- Instructions for the task
What is needed is an exact repeat of the lines from the one holding "Осень природа солнце радость листья" through the final line of the data, with no pictures.

- Information shown
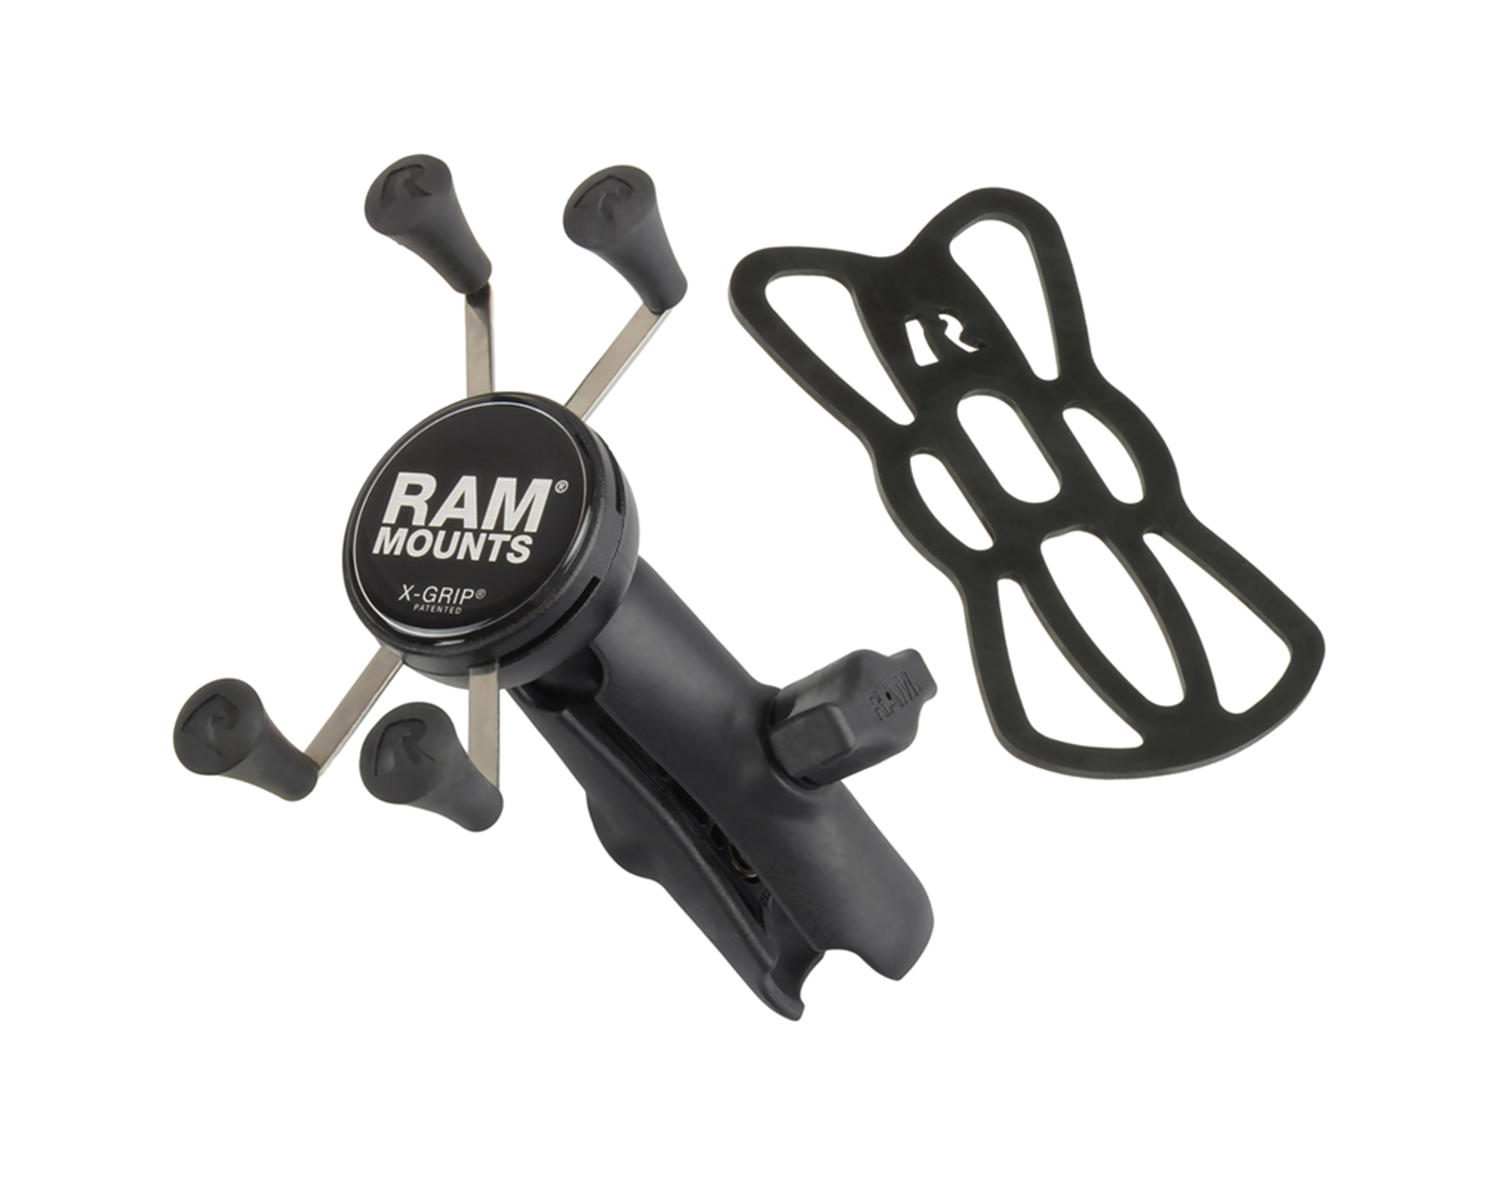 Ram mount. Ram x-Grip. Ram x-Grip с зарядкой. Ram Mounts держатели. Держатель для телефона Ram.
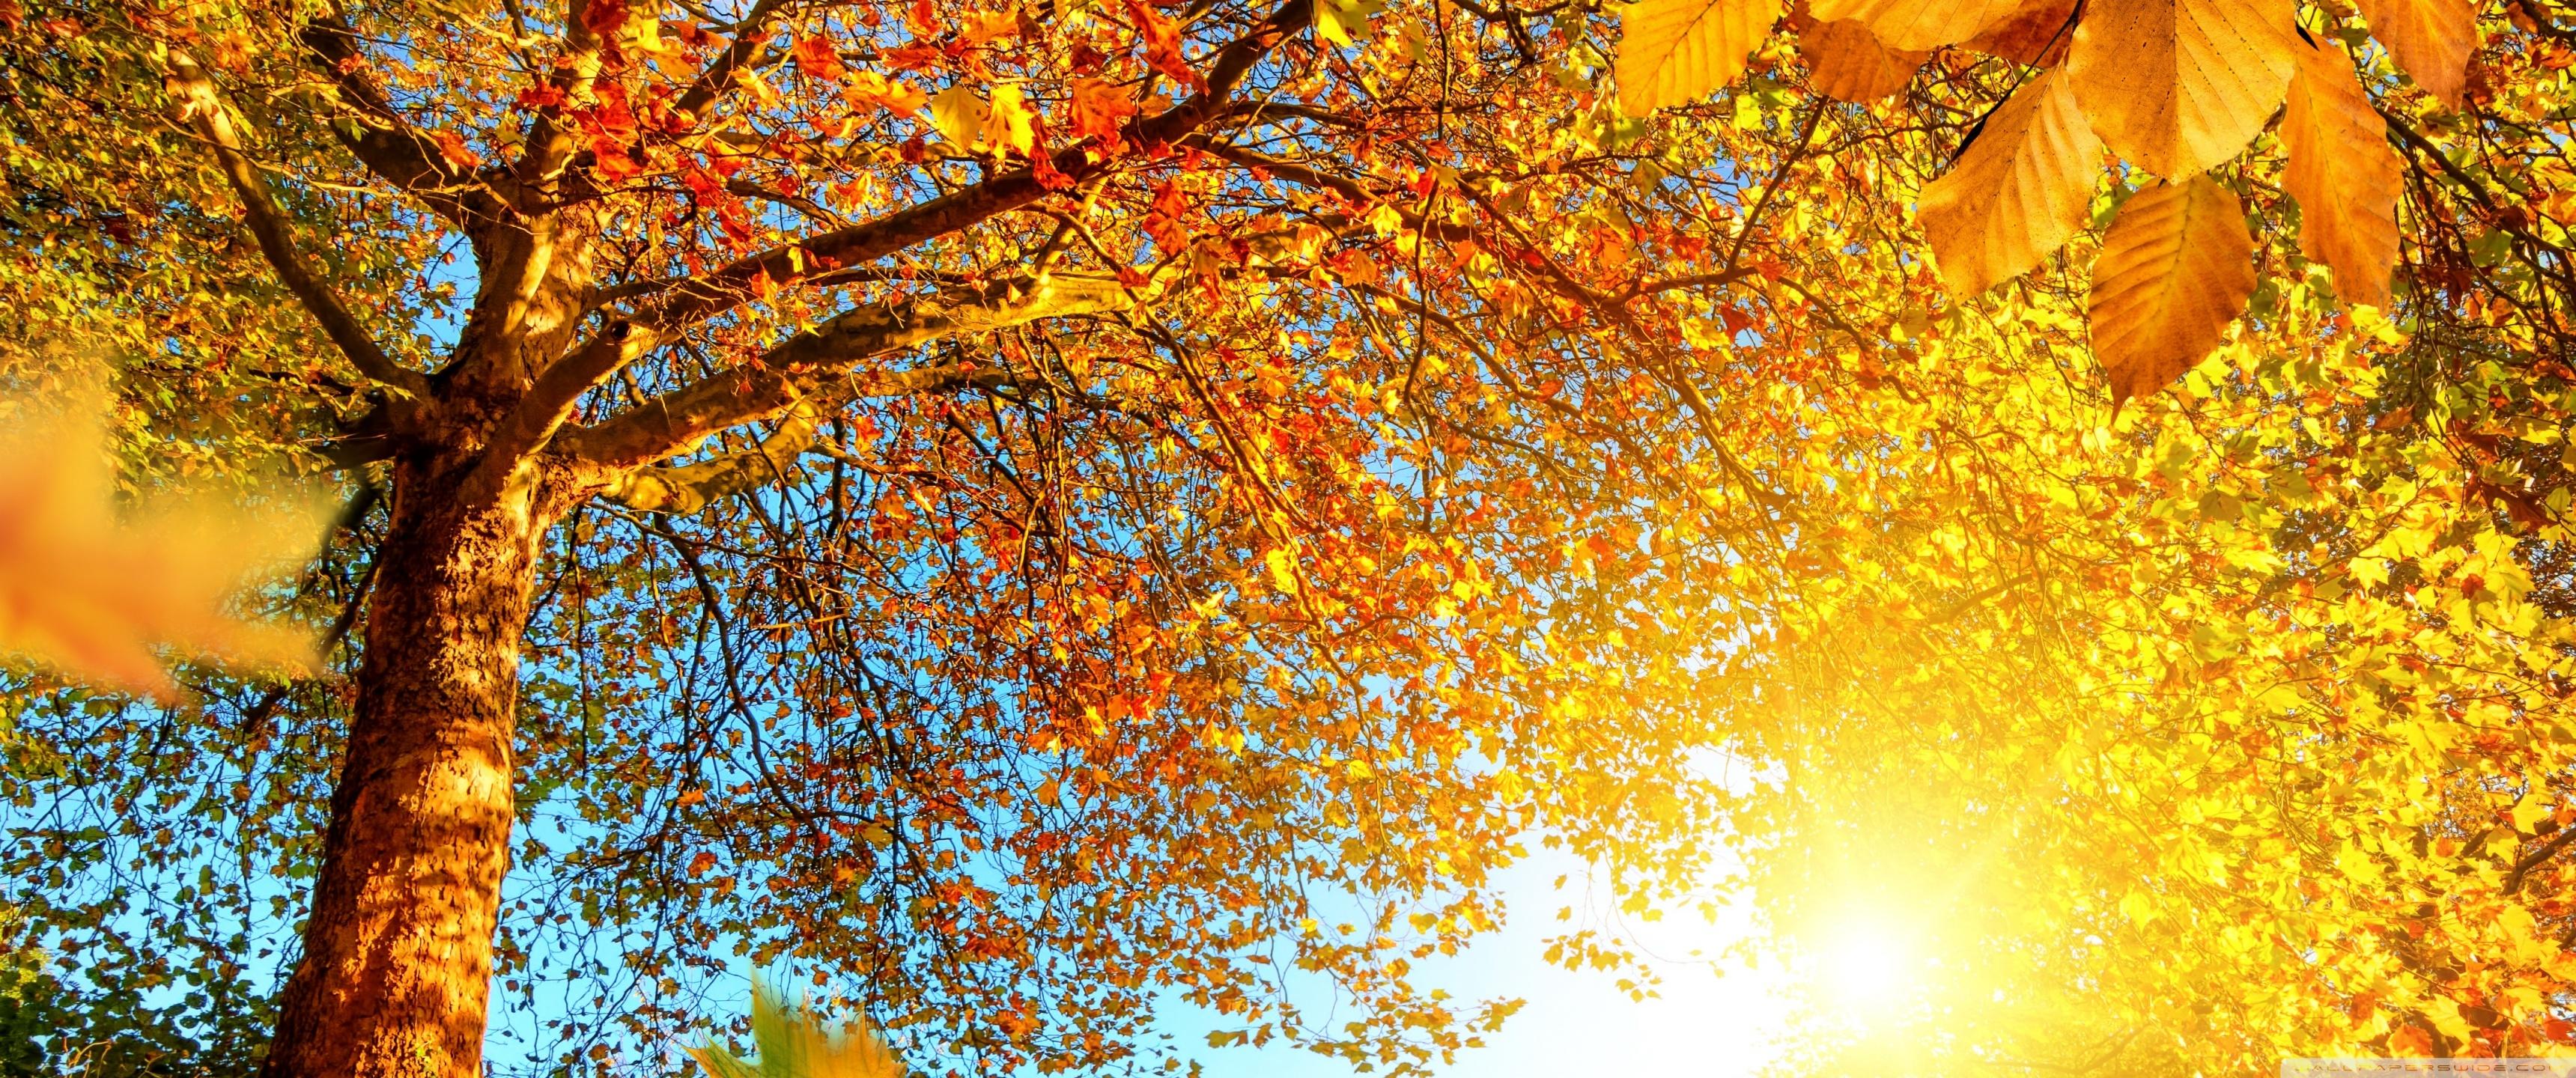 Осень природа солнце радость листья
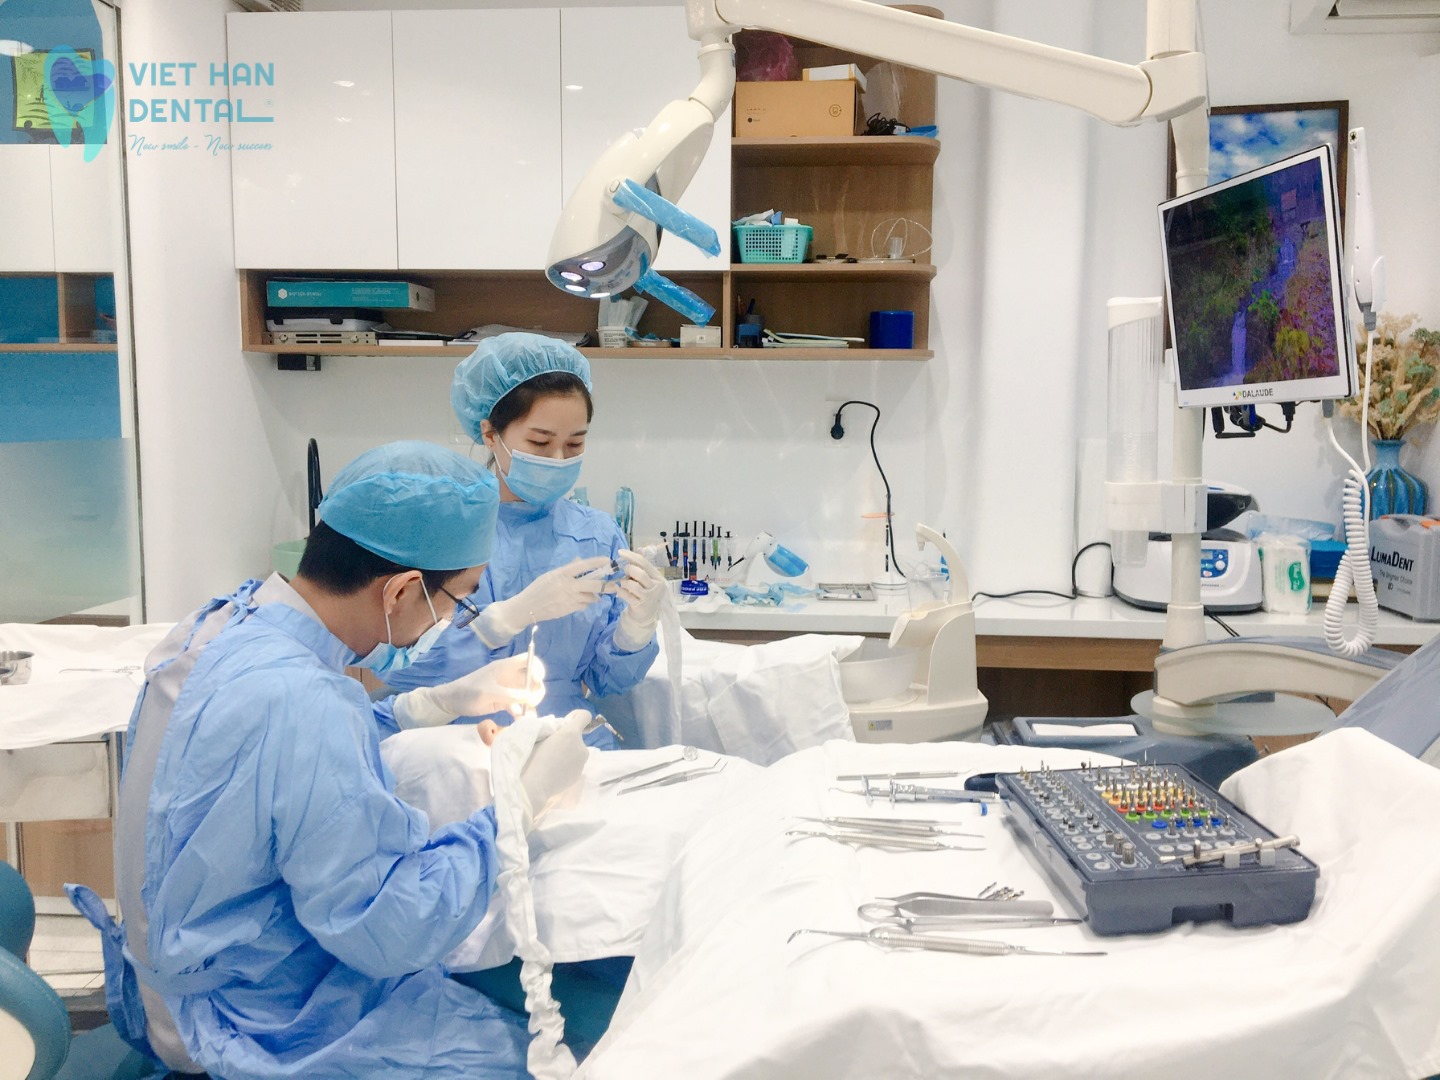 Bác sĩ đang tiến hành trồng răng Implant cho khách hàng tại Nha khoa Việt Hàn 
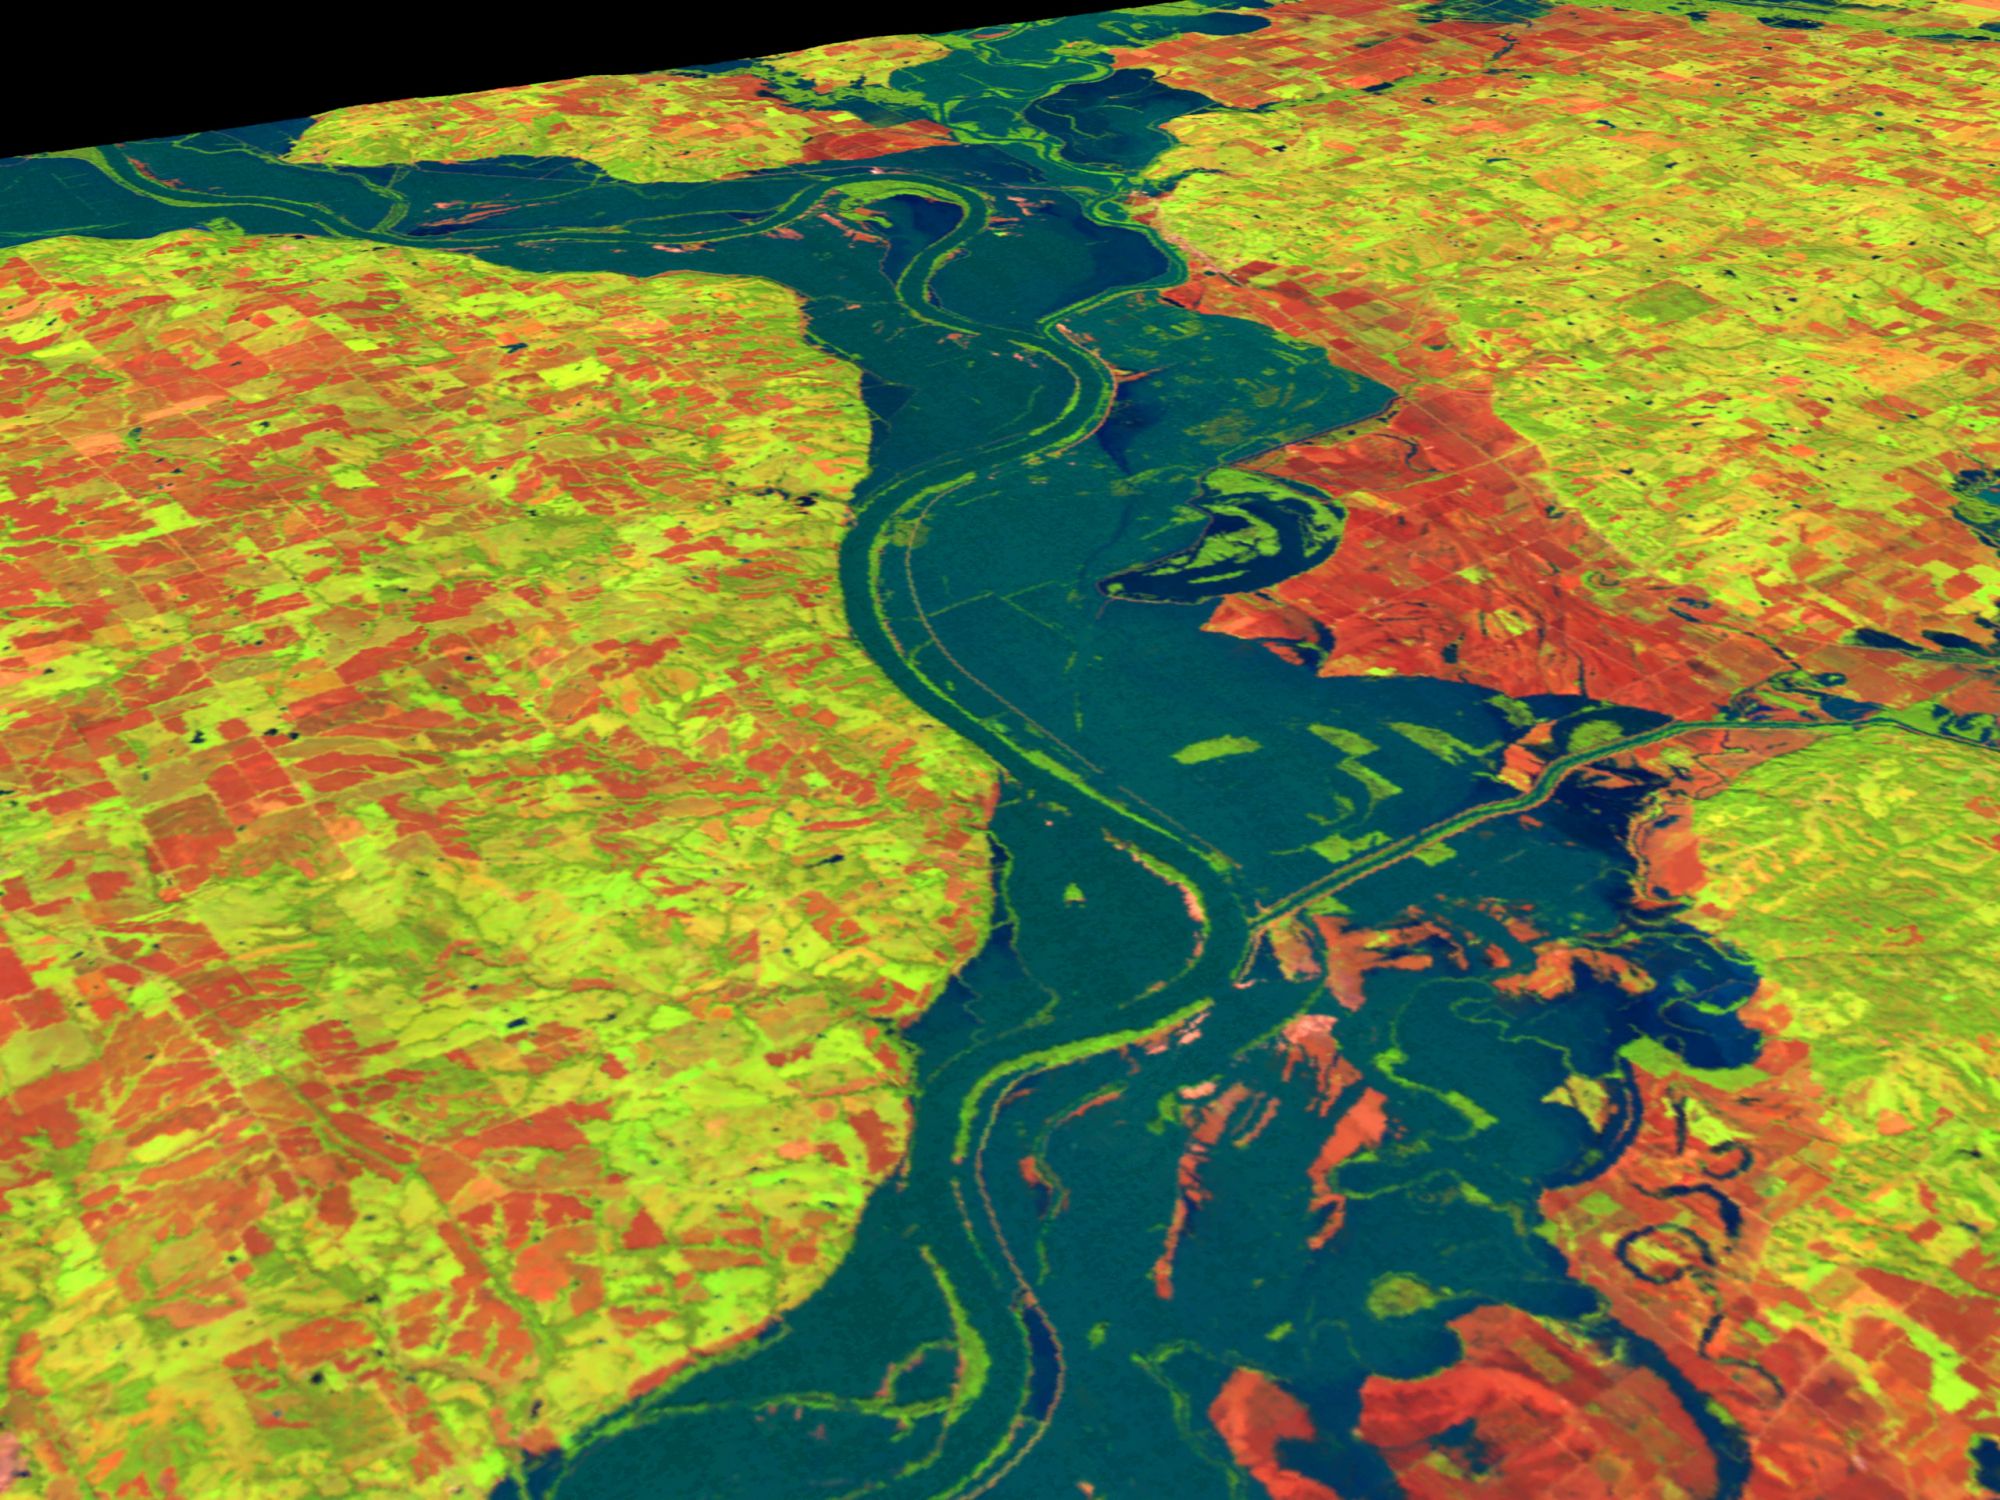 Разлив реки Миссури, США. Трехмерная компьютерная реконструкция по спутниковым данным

- Answer space
 Осень природа солнце радость листья
 Bác sĩ đang tiến hành trồng răng Implant cho khách hàng tại Nha khoa Việt Hàn 
 Разлив реки Миссури, США. Трехмерная компьютерная реконструкция по спутниковым данным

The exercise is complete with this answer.